Labour shortages, weather events and other challenges are seeing many Australian dairy farmers quit the industry. By Marian Mac.
Breaking the $10/kg milk price barrier for the first time hasn’t been enough to stop Australian dairy farmers exiting the industry in large numbers.
Farmgate milk production fell another 3.9% to less than 8.51 billion litres in 2021/22, the lowest figure this century.
It’s not a loss-driven contraction. The National Dairy Farmer Survey (NDFS) showed 88% of Australian dairy farms expected to make a profit in 2020/21 and 90% thought they would make a profit this year, too. It’s unlikely to be a seasonal aberration, either. One in eight farms has left the industry since 2019/20, taking the total down to just 4401 dairy farm businesses by March this year. United Dairyfarmers of Victoria president Paul Mumford said dairying was no longer the only natural choice for his members.
“Dairy farmers are putting a lens over their business, thinking, ‘Are we prepared to go on in the dairy industry? Do we want that stress and are there alternatives for our business and our lifestyle?’,” he said.
In its Situation & Outlook report, Dairy Australia said, “high beef prices and soaring land values have enticed farmers and farmland away from dairy,” and they expected the trend to continue.
It’s something Duncan Morris has seen first hand. Morris, who administers the two-year-old processor SW Dairy Ltd, is an accountant, southwest Victorian dairy farmer, and former Murray Goulburn Co-operative director.

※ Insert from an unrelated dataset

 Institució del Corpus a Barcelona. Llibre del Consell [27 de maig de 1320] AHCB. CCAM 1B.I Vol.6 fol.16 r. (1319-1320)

“The number of farms exiting dairy has been absolutely massive around here, and nearly every one of them has gone to beef or sheep,” Morris said.

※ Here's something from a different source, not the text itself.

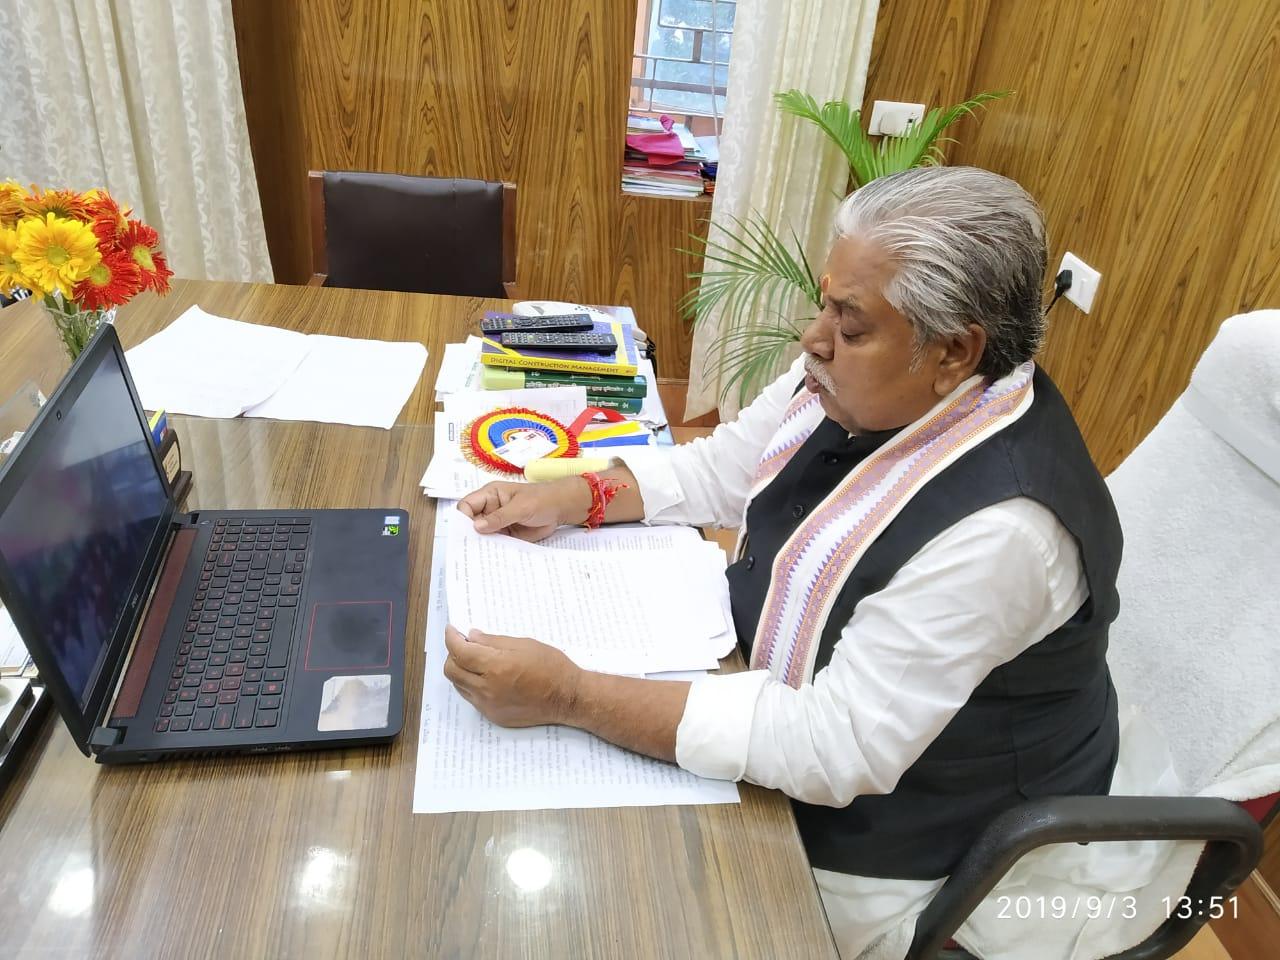 कृषि मंत्री डॉ प्रेम कुमार ने जल सरंक्षण परियोजना की शुरुआत की - Swatva  Samachar

The solution, he said, was to adopt something of New Zealand’s seasonal, low-input model, but that needed to be matched with a suitable milk price model. That realisation was the catalyst for SW Dairy Ltd, which had grown from 8 million litres to 30 million in two years on back of seasonal-friendly pricing.

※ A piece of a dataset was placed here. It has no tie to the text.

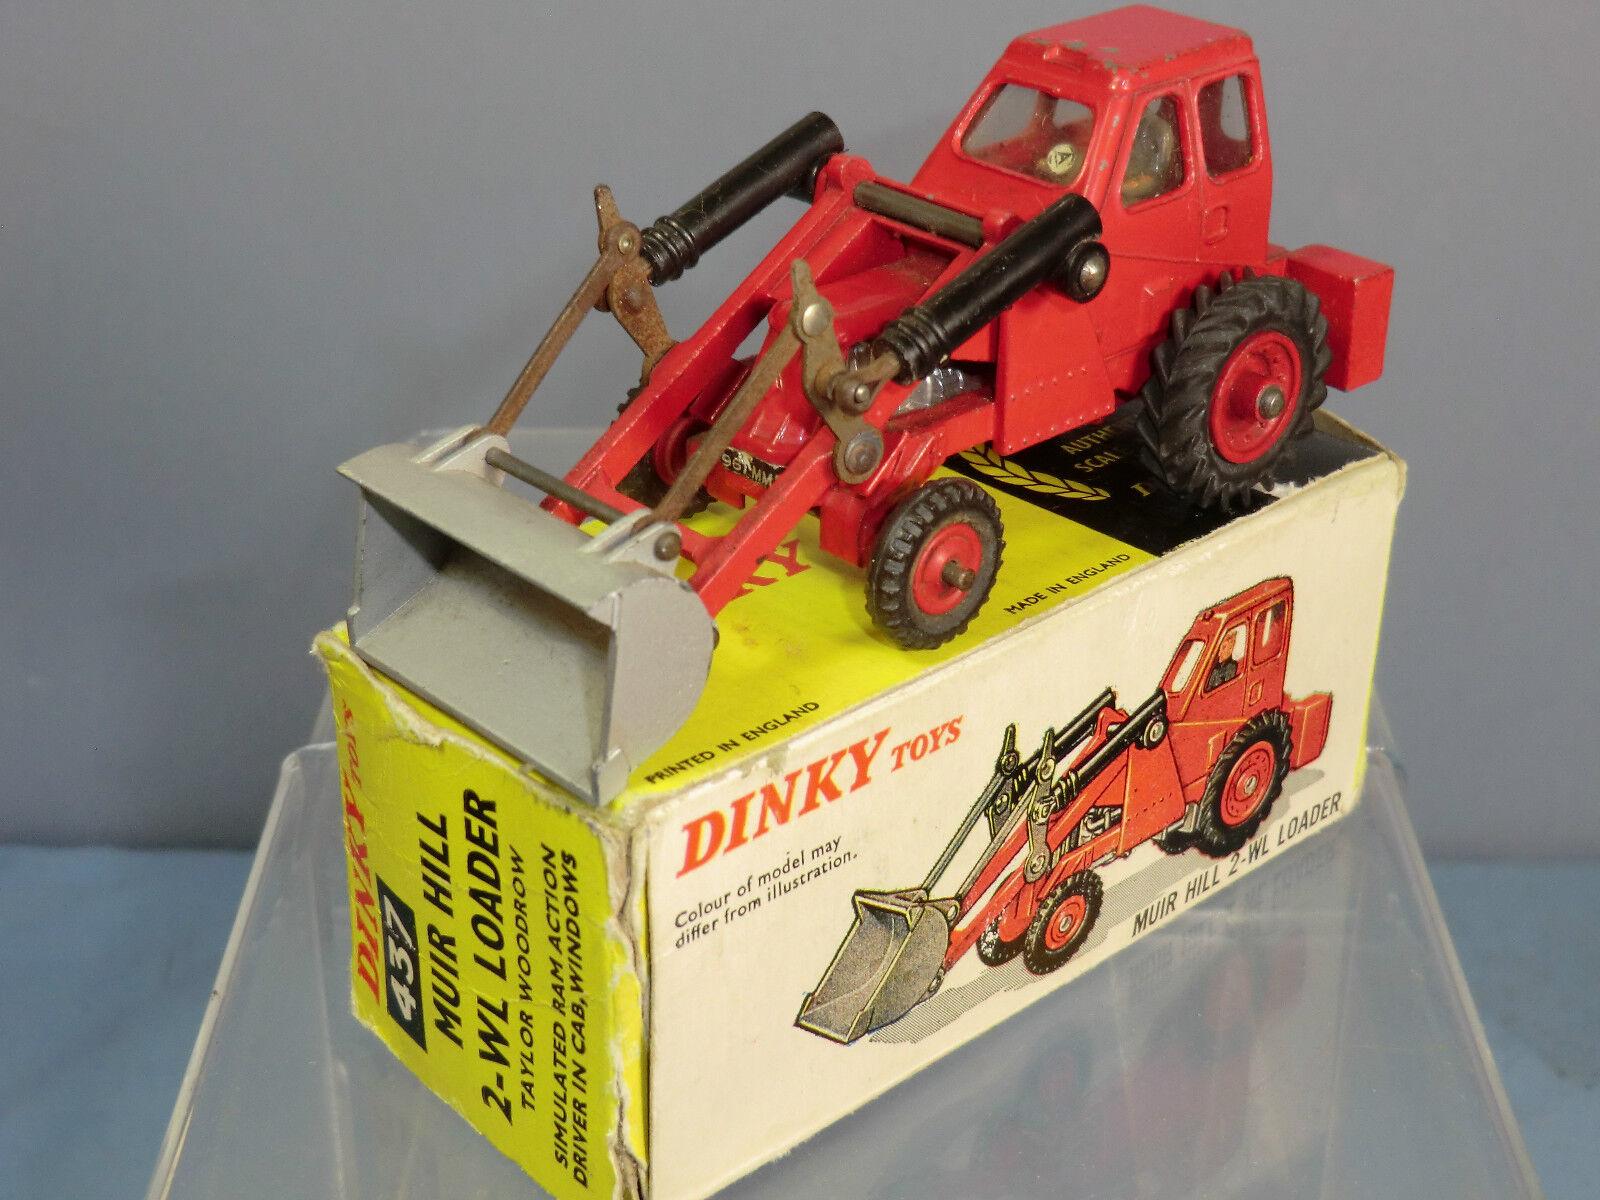 DINKY TOY  No.437  Muir Hill   2 wl loader  taylor boisrow  (Rouge) VN En parfait état, dans sa boîte  gros pas cher et de haute qualité

Plenty of dairy farmers were already reviewing their system, Mumford said.
“Do we as businesses need to be milking seven days a week over 365 days, for example?” he said.
Record farmland prices made it attractive to exit farming altogether and Mumford said those keen to stay on the land could now generally make a reasonable living grazing beef cattle, which needed a fraction of the labour demanded by dairying.
“Labour is the number one issue they look at first,” he said.
“It would probably be safe to say that every farmer who employs staff is probably one labour unit short, and that’s having a huge effect on the dairy industry.
“It puts stress on businesses and it puts stress on family units.”
Mumford’s observations were backed up by the NDFS report, which highlighted three main issues: input costs, labour and climate.
Of the 700 farmers surveyed, 57% said input costs like feed, fertiliser and fuel were their top concerns.
Almost a quarter (at 23%) said they had shrunk their herds in the last 12 months in response to the labour shortage.
At the same time, floods swept through South Australia, Queensland, and New South Wales, while the normally reliable northwest Tasmania suffered one of its driest summers, and Western Australia was scorched by bushfires.
The 2016 dairy crisis had also played an ongoing role in the dairy exodus, Morris said, and would continue to be felt for many years.
“It’s not going to come back easily,” he said.
“There’s a generation of kids in their later teens and early 20s who’ve gone and they’re never coming back because they got burned when mum and dad got burned.”
- Marian Mac is an Australian freelance dairy journalist.